The Harris Memorial Garden is a war memorial in The Precincts of Canterbury Cathedral in Canterbury, Kent. The garden is named for George Harris, 4th Baron Harris. The County of Kent War Memorial Cross stands at the centre of the garden. The garden stands as a memorial to the people of Kent killed in the First World War.

The County of Kent War Memorial Cross is listed Grade II* on the National Heritage List for England. It is made from Portland stone and is 6 meters in height. It stands atop a plinth set on three steps and is set in the centre of the garden. The official heritage listing praises the cross as a "carefully-positioned memorial cross providing a striking structural focus at the centre of the Memorial Garden". It was designed by Herbert Baker.
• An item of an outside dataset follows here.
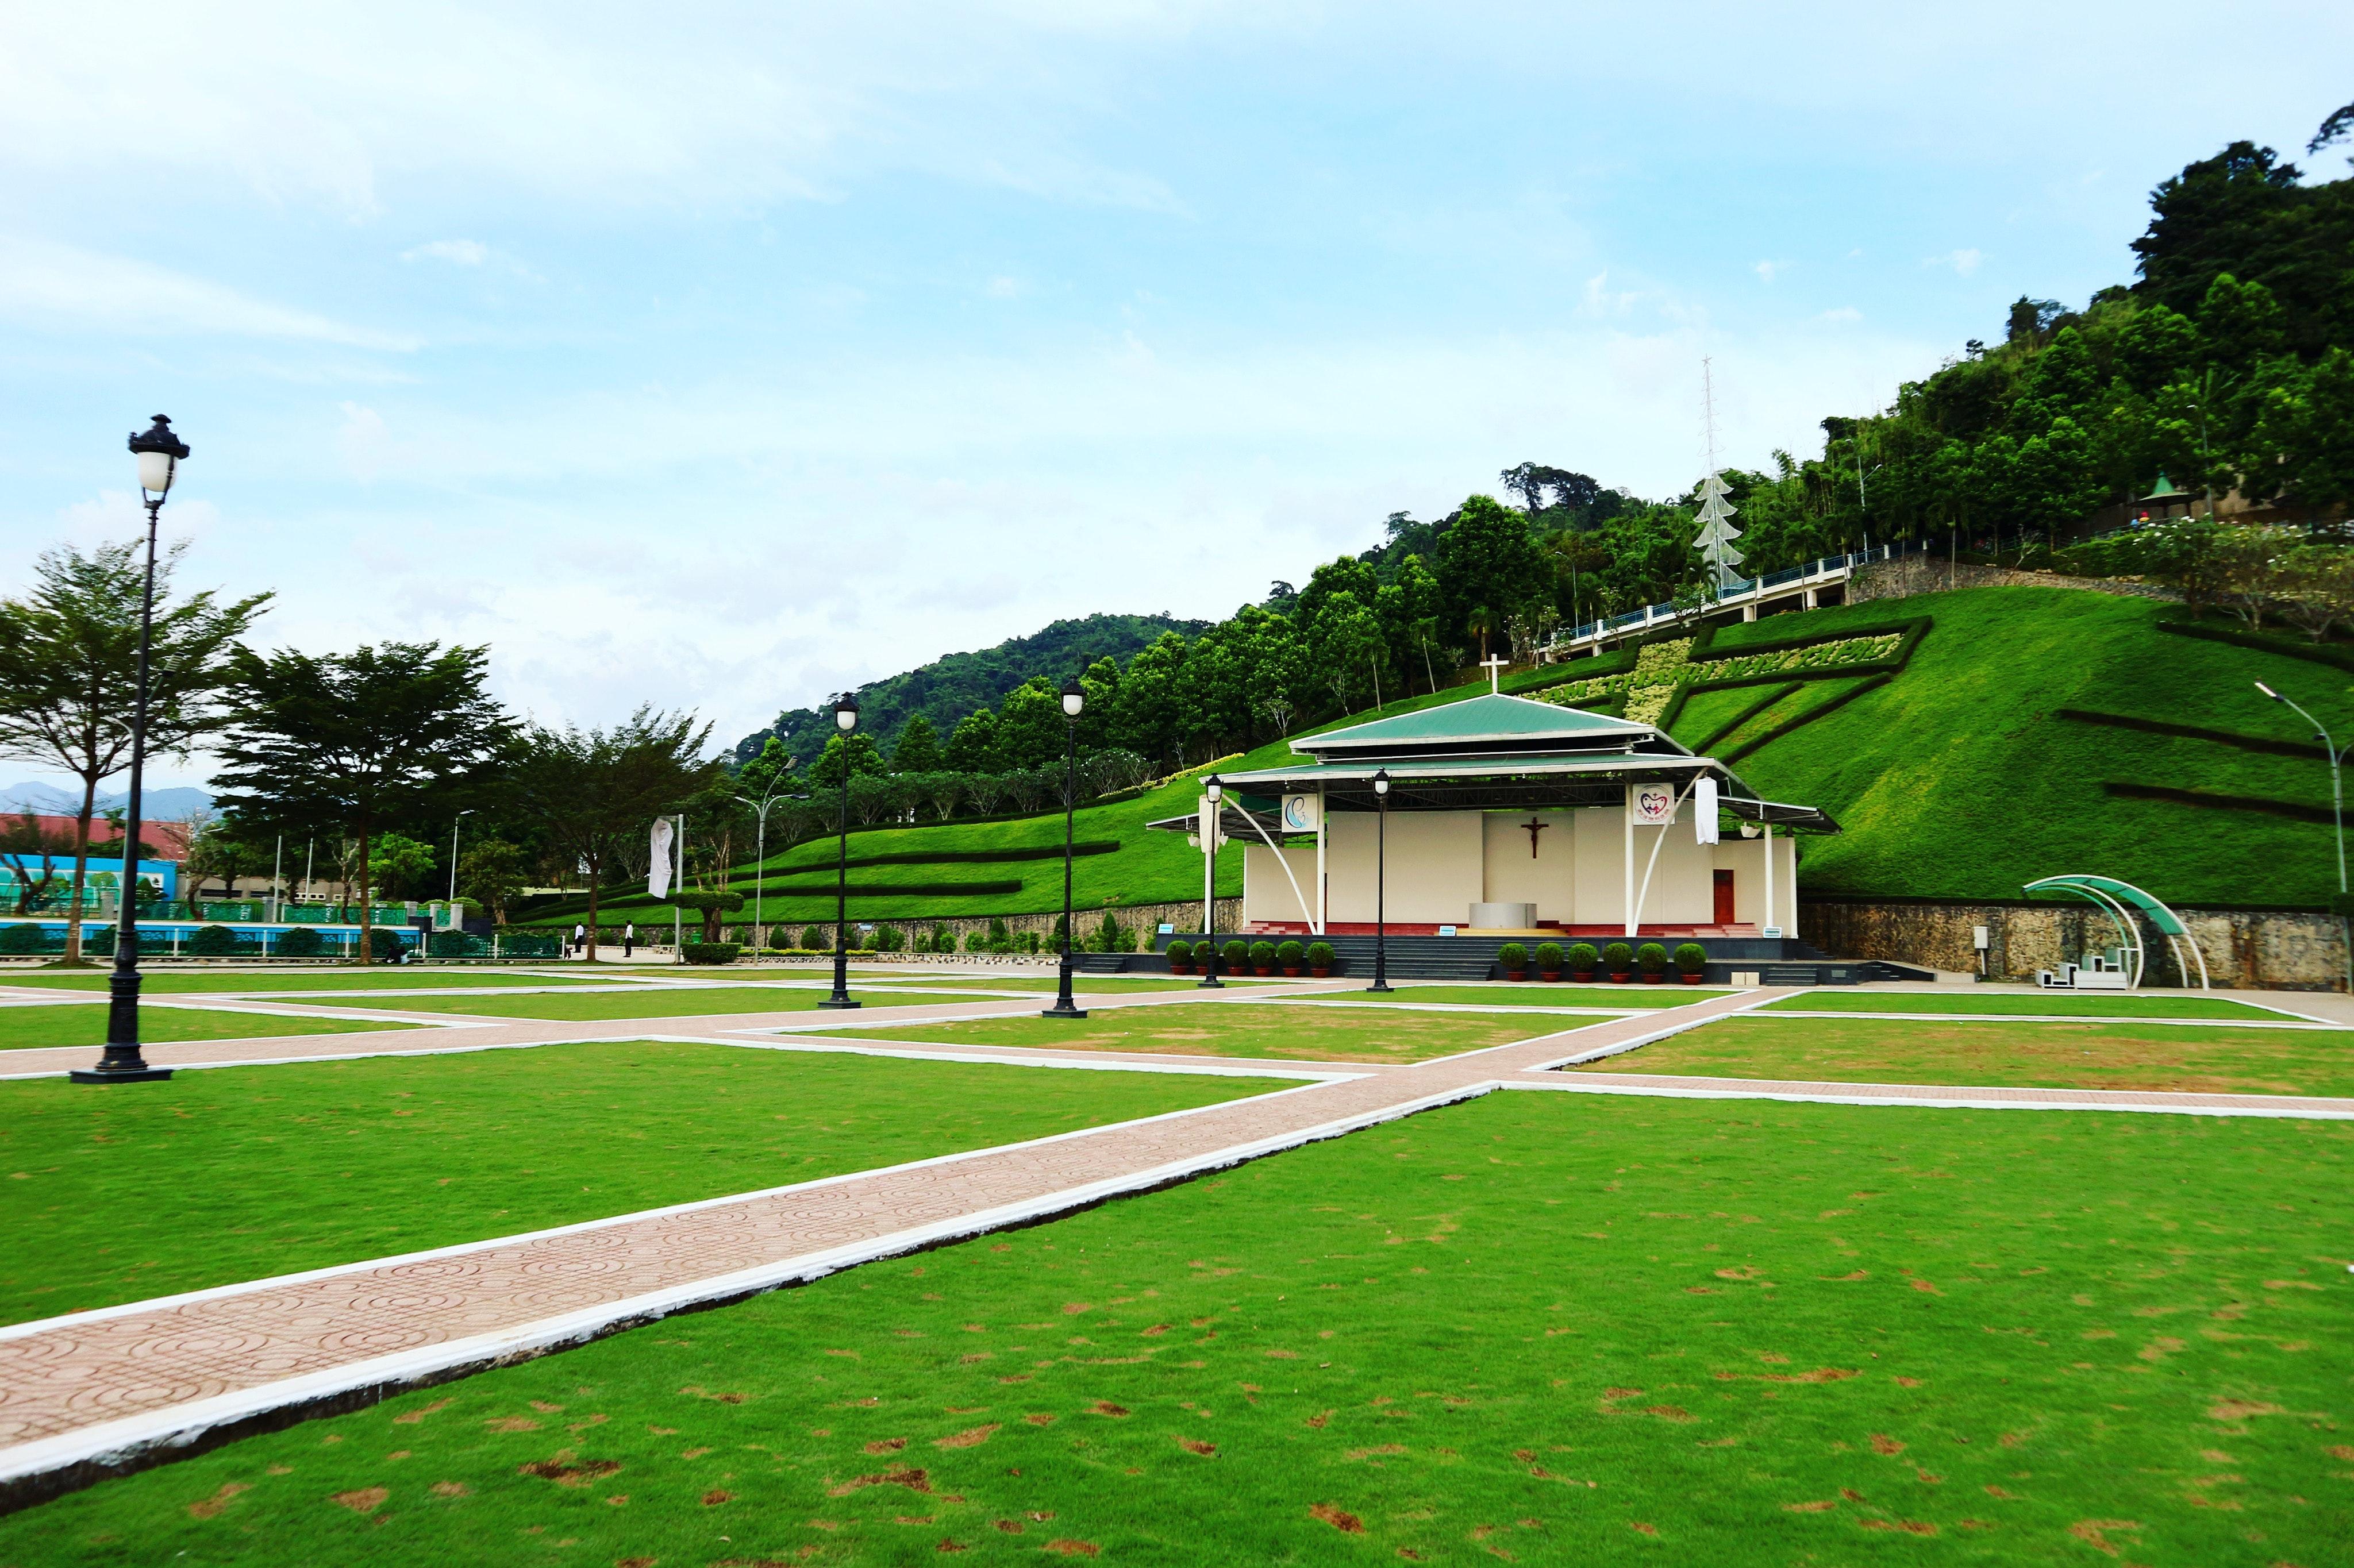 Green park photo

The memorial garden is located to the east of Canterbury Cathedral, in the Cathedral Close, within the Canterbury city walls. The garden stands within the World Heritage Site of Canterbury Cathedral, St Augustine's Abbey, and St Martin's Church. The site occupied by the memorial garden was previously a bowling green. Proposals were raised for the memorial to be located in Maidstone or Rochester, but Canterbury was subsequently chosen in June 1920. The work was funded by public donations and carried out by a Mr George Browning. The memorial cross was unveiled in the garden at a service on 4 August 1921 by Lady Camden, the wife of John Pratt, 4th Marquess Camden, the Lord Lieutenant of Kent. The memorial was dedicated by the Archbishop of Canterbury at the service with an address given by Admiral Hugh Evan-Thomas. Lord Harris presented the garden to Henry Wace, the Dean of Canterbury, at the service. The cross was damaged in the air raids of the Baedeker Blitz in Canterbury, losing pieces of stonework. It was repaired under Harold Anderson, the Surveyor to the Fabric of Canterbury Cathedral.

The garden is cloistered by walls to the south, north and west. The south and north and west walls are individually listed Grade II.